Many Arminians like to claim that salvation is part of man's doing and not of Yahweh's that works of our own obdience leads to salvation and holiness this is a false gospel of works salvation. We will be examining some passages Arminians use to say Christ died for all and how is salvation is obtained as well as the idea of election in light of the Torah (Tanakh) and the Brit Hadasha (New Testament) 

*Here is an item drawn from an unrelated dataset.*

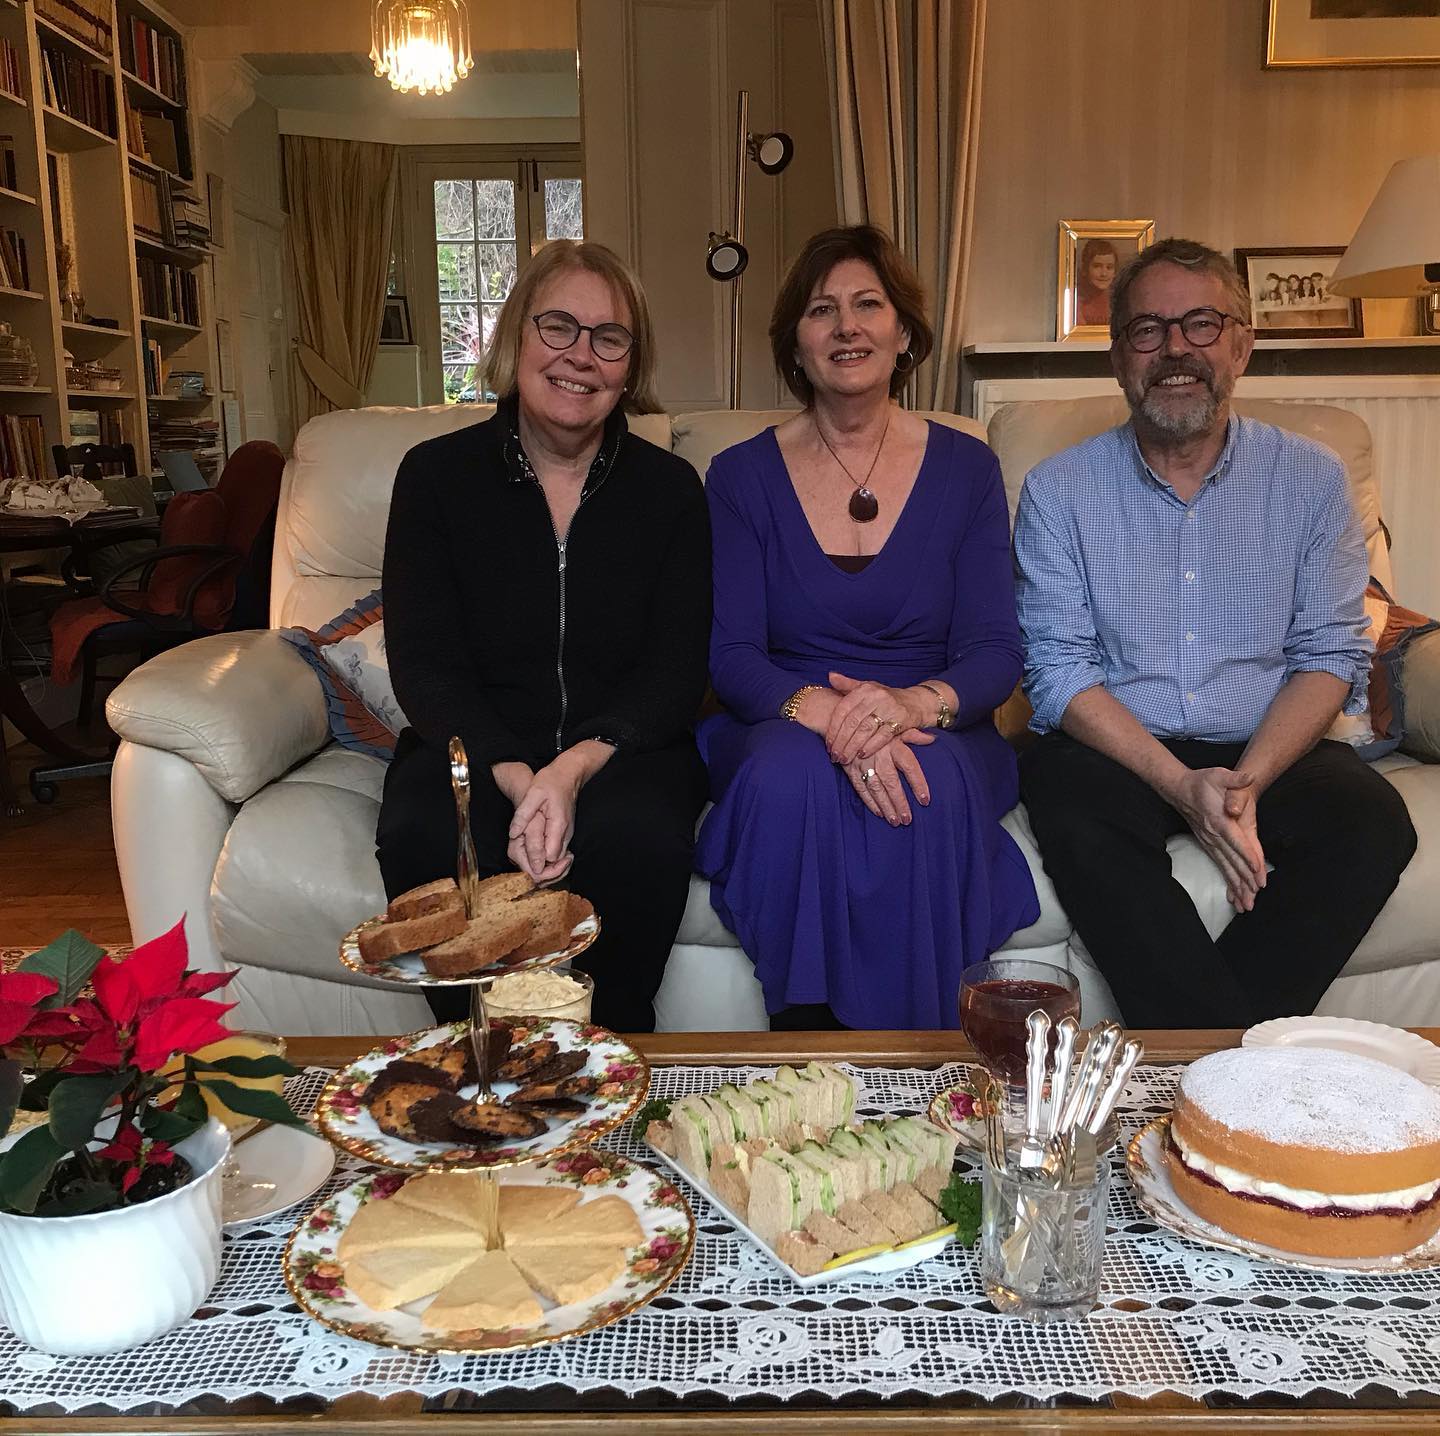 What a morning! A lesson about how to make a proper afternoon tea at wonderful mrs Giuliana Orme’s place. She’s a great teacher and a lovely host. #enturistilondon #afternoontealesson

The first issue we will deal with is the idea of Universal atonment that Christ died for all. Arminians like to appeal to John 3:16 which states: For God so loved the world that he gave his only begotten son that whosoever believes in him shall not perish but have everlasting life. Now the Armians appeal that it refers to everyone. The problem is the word whosoever does not appear in the Greek. The word used is Pas which is present tense meaning those that are believing. Those that are of Christ and Abraham seed see Galatians 3:29 for further study. Secondly the Greek word for World is Kosmos in refrence to believers this used in John 1:29, 3:16-17, 6:33, 12:47 1st Corinthians 4:9 and 2nd Corinthians 5:19. 

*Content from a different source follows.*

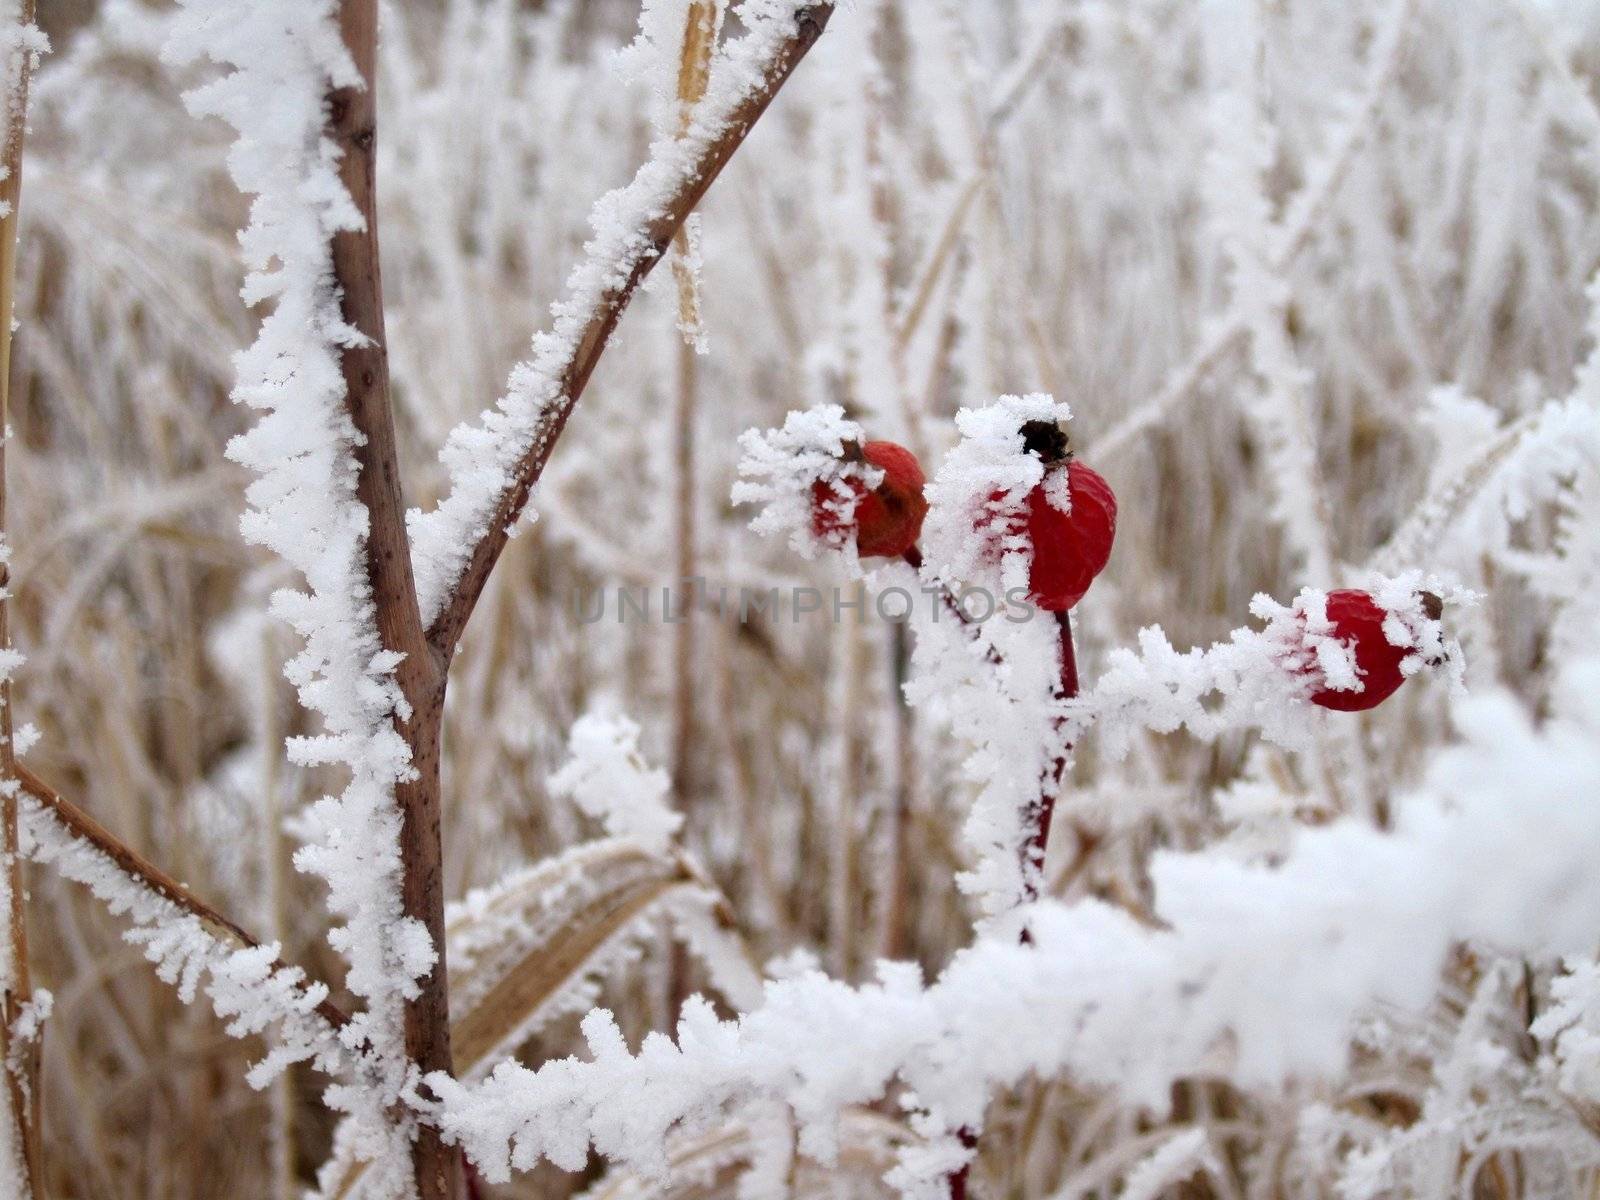 Hoar frost covered red berries amongst tall prairie grass.

Jesus states in John 17:9 I pray for them I pray not for the world but those which the Father has given me for they are mine. Jesus here is stating he prays not for the world but those in the world those who are believers further in John 17:11 Jesus states And 2532 now 3765 0 I am 1510 no more 3765 in 1722 the world 2889, but 2532 these 3778 are 1526 in 1722 the world again the Greek word for world is Kosmos referring to believers. 

Another passage used to espouse Universal salvation is Ezekiel 33:11 which reads: 

Say unto them as I live, I have no pleasure in the death of the wicked but that the wicked turn from their ways and live for why will you die oh house of Yisrael. 

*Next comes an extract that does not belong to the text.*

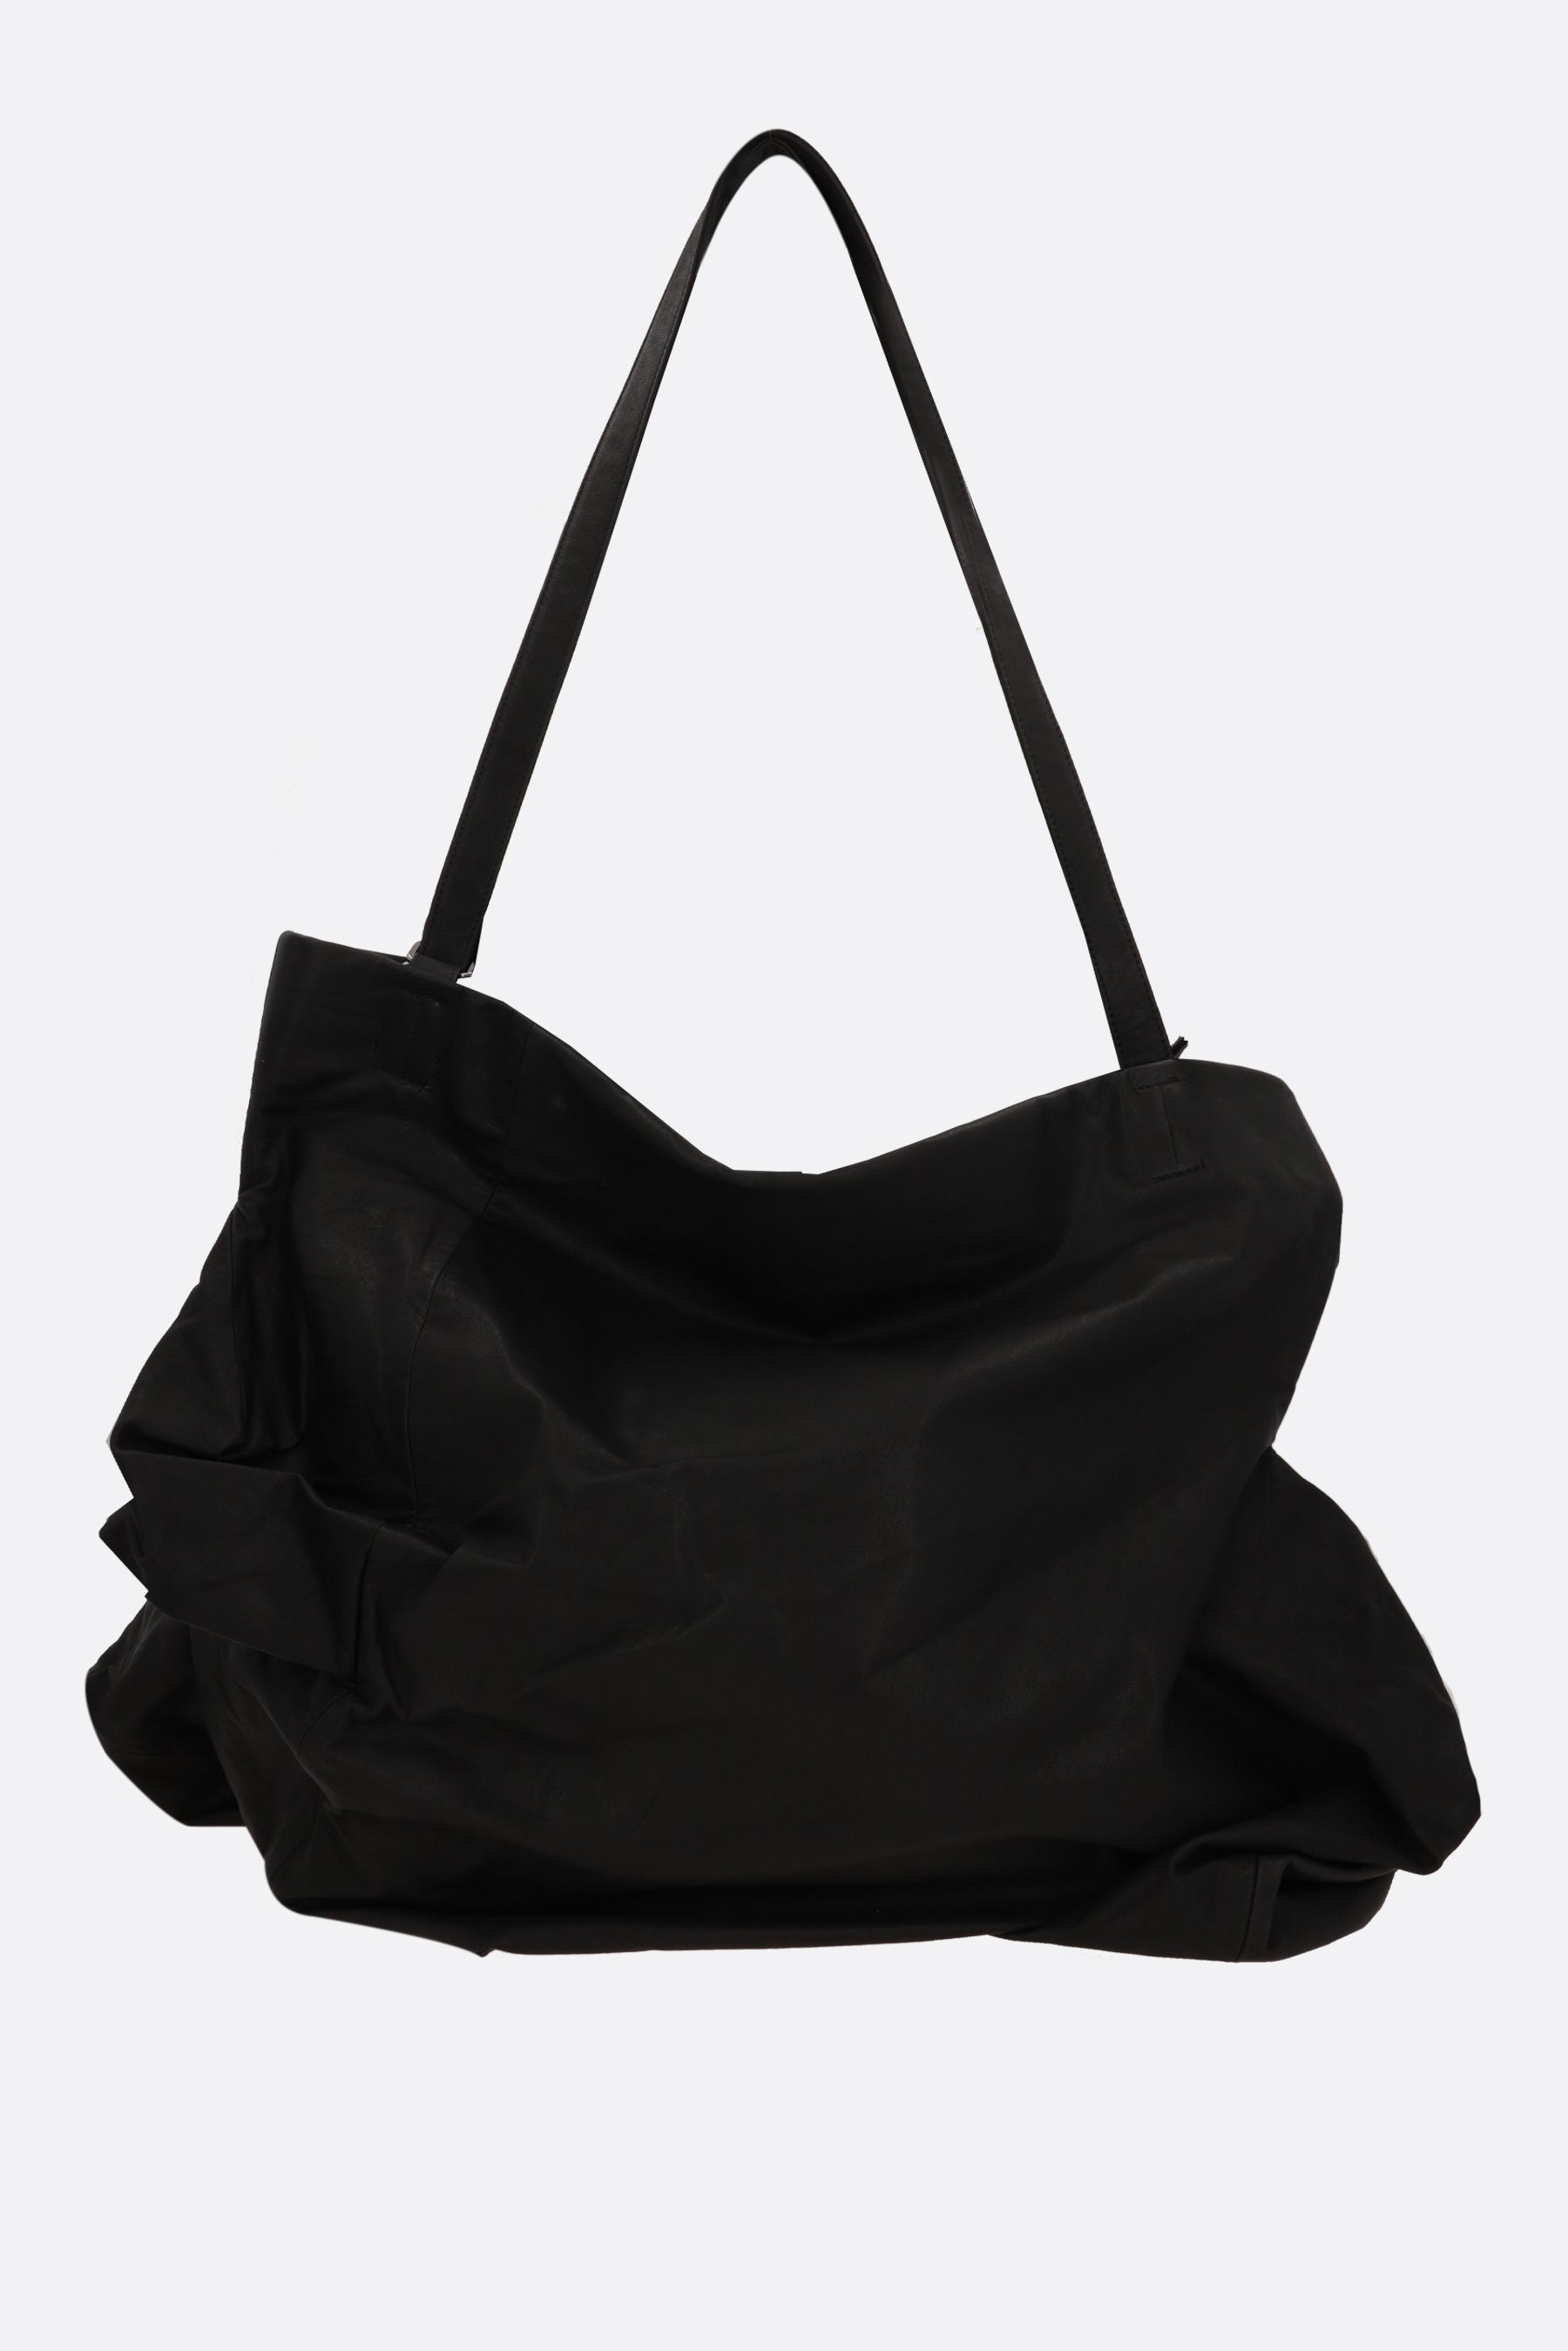 Unevenness smooth leather tote bag

clearly we see that this is referring to Israel at a time when they had backslidden from God and he was drawing them to repent of their wickedness. Jeremiah 3:8 uses similar language 

And I saw 7200 , when for all the causes 182 whereby backsliding 4878 Israel 3478 committed adultery 

The word for backslidding is mĕshuwbah מְשׁוּבָה 

1. turning away, turning back, apostasy, backsliding 


This word is used in refrence to Israel over 12 times in the Old Testament both in Hosea and Jeremiah. 

Further more Salvation can only be obtained by God. Jonah 2:9 states: 

But I will sacrifice 2076 unto thee with the voice 6963 of thanksgiving 8426; I will pay 7999 [that] that I have vowed 5087 . Salvation 3444 [is] of the LORD 3068. 

Clearly Salvation is of Yahweh for it means He who saves in Hebrew therefore he is the one that saves not men and his doing. 

Ephesians 2:9 says the Salvation is not of works but of faith least any man should boast. Arminians appeal to James 2:20 faith without works is dead stating our works save. However the works here refers to the interworkings of the holy spirit and by his power. See Ephesians 1:19 and 3:7. 

Finally I will deal with the issue of Predestination in relation to both the Old and New Testament. 
The word elect appears over 20 times in both the Tankah and Brit Hadasha. Each time it is reffered to in Greek and Hebrew it denotes a particular people or persons. 

bachiyr בָּחִיר 

1.chosen, choice one, chosen one, elect (of God) 

This is used in Isaiah 42:1, 45:4, 65:9 and 65:22 

The word bachar בָּחַר 
to choose, elect, decide for 

a) (Qal) to choose 

b) (Niphal) to be chosen 

c) (Pual) to be chosen, selected 

is used throught the rest of the Tanakh when refering to people or persons. 

In relation to the New Testament the word elect or chosen is used over 15 times using the Greek word Eklektos ἐκλεκτός 

picked out, chosen 

a) chosen by God, 

1) to obtain salvation through Christ 

a) Christians are called "chosen or elect" of God 

or poimnion ποίμνιον 

) a flock (esp.) of sheep 

2) a group of Christ's disciples 

3) bodies of Christian (churches) presided over by elders 

no matter the which word is used it refers to followers of Christ never non believers. To fianlly drive it home I refer you to Isaiah 53:8 and Matthew 1:21 the fullfillment of Messiah dying for his people. 

The Hebrew word used in Isaiah 53:8 is Am: 

Refering to a particular people or of same offspring 

similarly in Matthew 1:21 the Greek word for people is Laos λαός 

) a people, people group, tribe, nation, all those who are of the same stock and language. 


So in conclusion as demonstrated Arminianism is a false Gospel of works and trusting in the flesh and self worship then in Christ the hope of all things Phil 4:13. May the Father draw them to the truth and bring repentence on their wicked hearts Jeriemiah 17:9. 

Soli Dei Christos (In Christ Alone) 

Baruch Hashem 

Christopher


----------